Valuev is certainly bigger and even hairier than Carnera, but as far as boxing skills go, the Ambling Alp may have had the upper hand in the ring.  He couldn’t punch similarly to Valuev, who’s massive frame doesn’t equate to legitimate knockout power, and whose latest performance made the light-punching Chris Byrd look strong.  For all his deficiencies, Carnera did develop a strong jab and had a strong chin to go with it.  He fought better opposition than Valuev despite the fixed-fight syndrome and was quicker on his feet. Who isn’t quicker on their feet than Valuev whose slow-motion movement gives us an idea of what a boxing match underwater would like that?

Let’s not fault this giant of giants too much as he is an unparalleled anomaly in our sport’s history.  He dwarfs even the tallest of former heavyweight champions, knocking the Italian Goliath and others such as Buddy Bear down to size.  It would be a far stretch of imagination to think a man of Valuev’s height could be both nimble on his feet and throw lighting-fast, powerful punches. 

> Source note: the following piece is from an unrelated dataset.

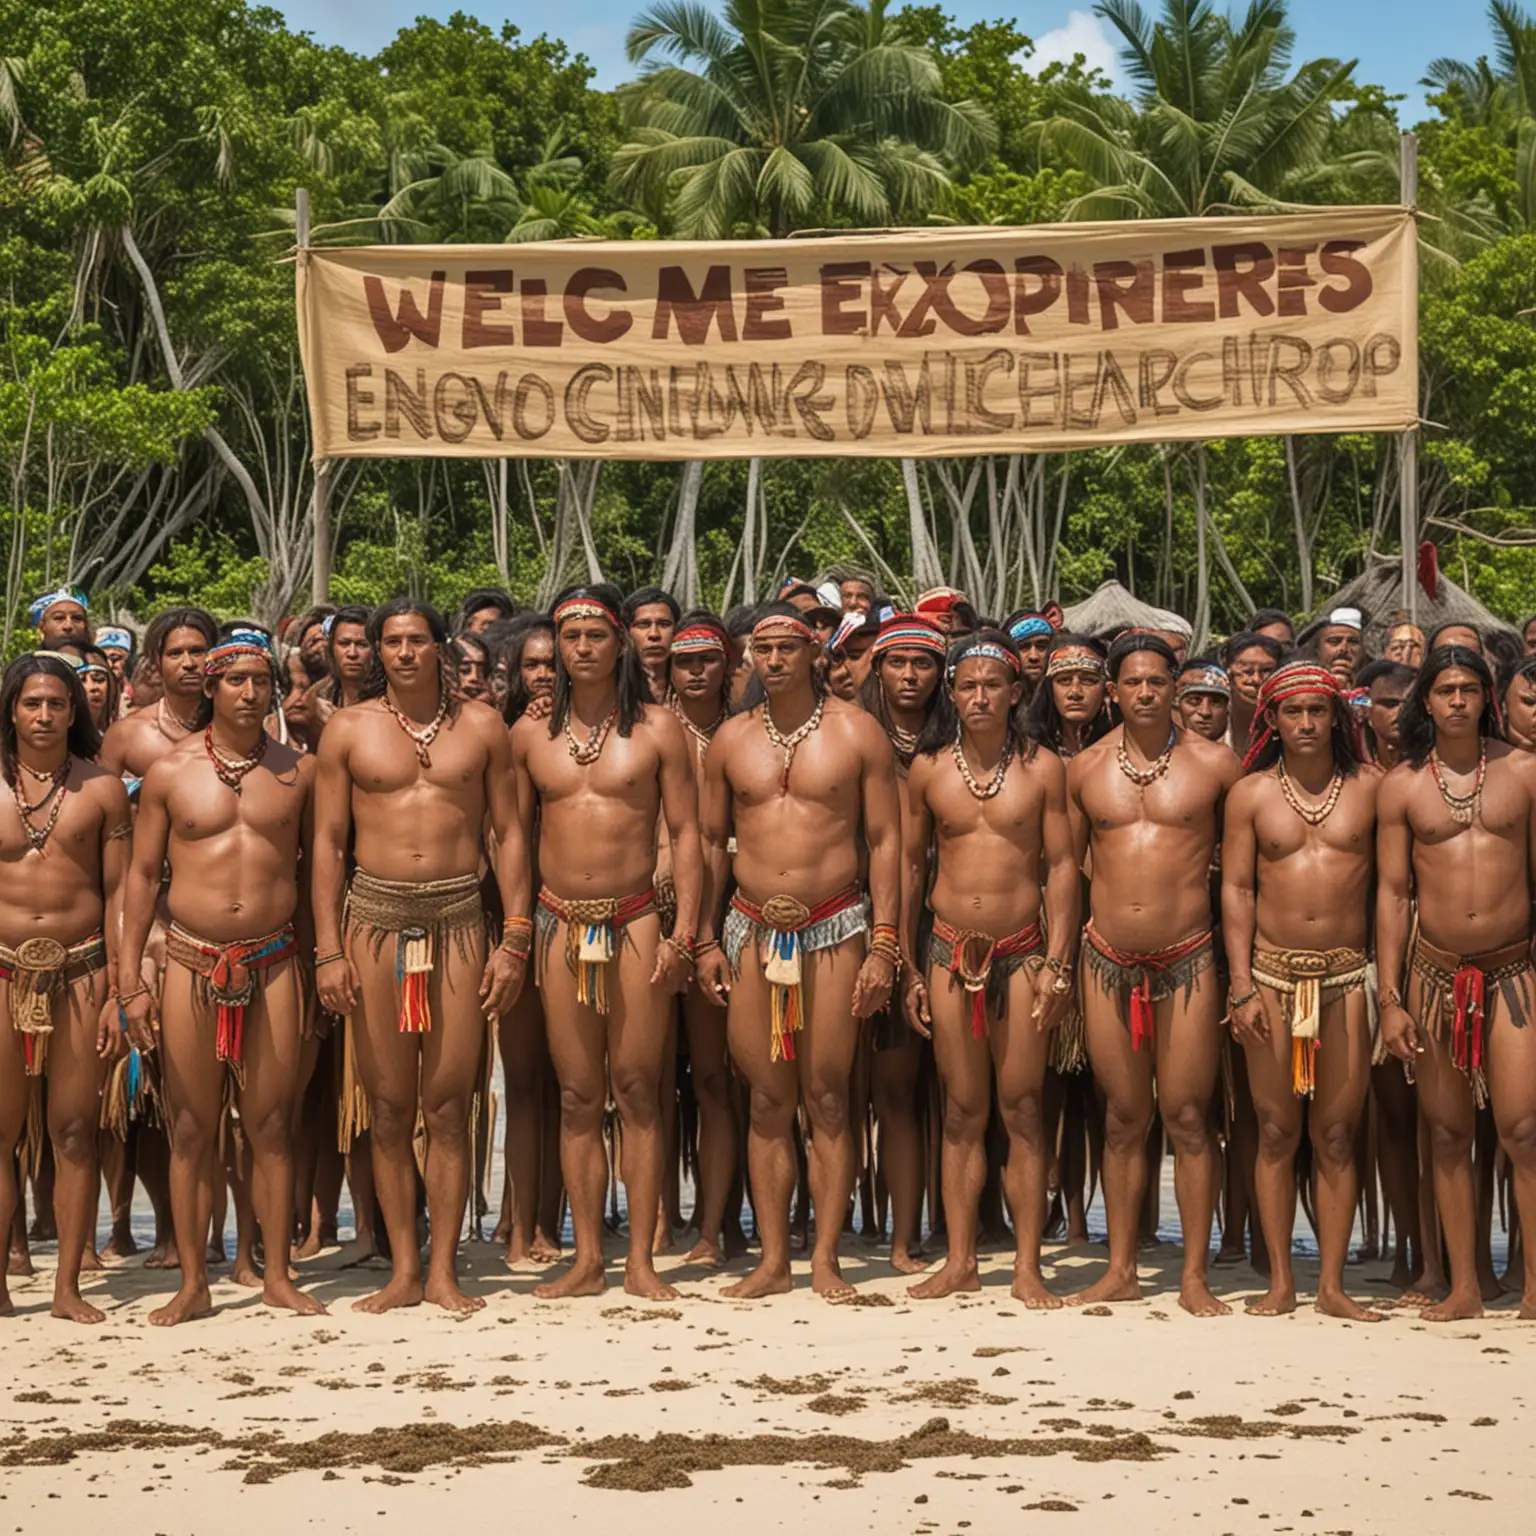 middle-sized crowd of native taino/arawak indians on a tropical beach, staring expectantly, eagerly out to sea, with a sign that says "welcome explorers"

We never expected such brilliance from him, but we believed the Don King infested hype and his undefeated record enough to think he would beat Ruslan Chagaev, a heavyweight nobody until now.  We were wrong, at least I was wrong, as Valuev showed us, as Carnera did seventy-years earlier, that he’s struggling club fighter at best (like most of our sad heavyweight pool) who gained heavyweight stardom more because of his circus-like physique than his fistic ability.

His manager, Wilfried Sauerland, likes to believe that Valuev will continue to show improvement and is worthy of his status as one of today’s top heavyweights.  “Those who have followed Nikolai’s career could see that he has again shown great development today.  He will keep working on his game and I think in at least one year he will be the WBA’s top challenger again.”

If Valuev’s team thought he showed great development in losing unimpressively to Chagaev, then that doesn’t say much about their judgment, and at age thirty-three time is already ticking against him.  The irreplaceable Don King will surely pick the fallen Russian up again and match him against made-to-order opponents in order to get him in line for another title shot next year.  Despite the loss, Valuev is still marketable because boxing fans, particularly in Europe, are awed by his immense size and stature.  Fans will always pay to see if David can slay Goliath just as they did when they flocked in anticipation to watch Baer and Louis dismantle Carnera. 

Only when Goliath is knocked down and humiliated for the world to see does the story end and the curious crowds go away, realizing that the once mighty and mysterious giant is nothing more than a beaten man.  The facade of Primo Carnera was exposed by the formidable fists of Baer and then Louis, who had to finish off the big man after fans somehow weren’t quite ready to say goodbye to their already tarnished Goliath (nor was the mob for that matter).  I’m afraid Valuev will suffer a similar fate in that eventually he will fight a hard-hitting heavyweight with skill and take a terrible beating.  Surely, there aren’t many of the species living in the division these days but it will only take one, maybe a good second rater like Wladimir Klitschko, to cut our Russian Goliath down to size.  Where he belongs.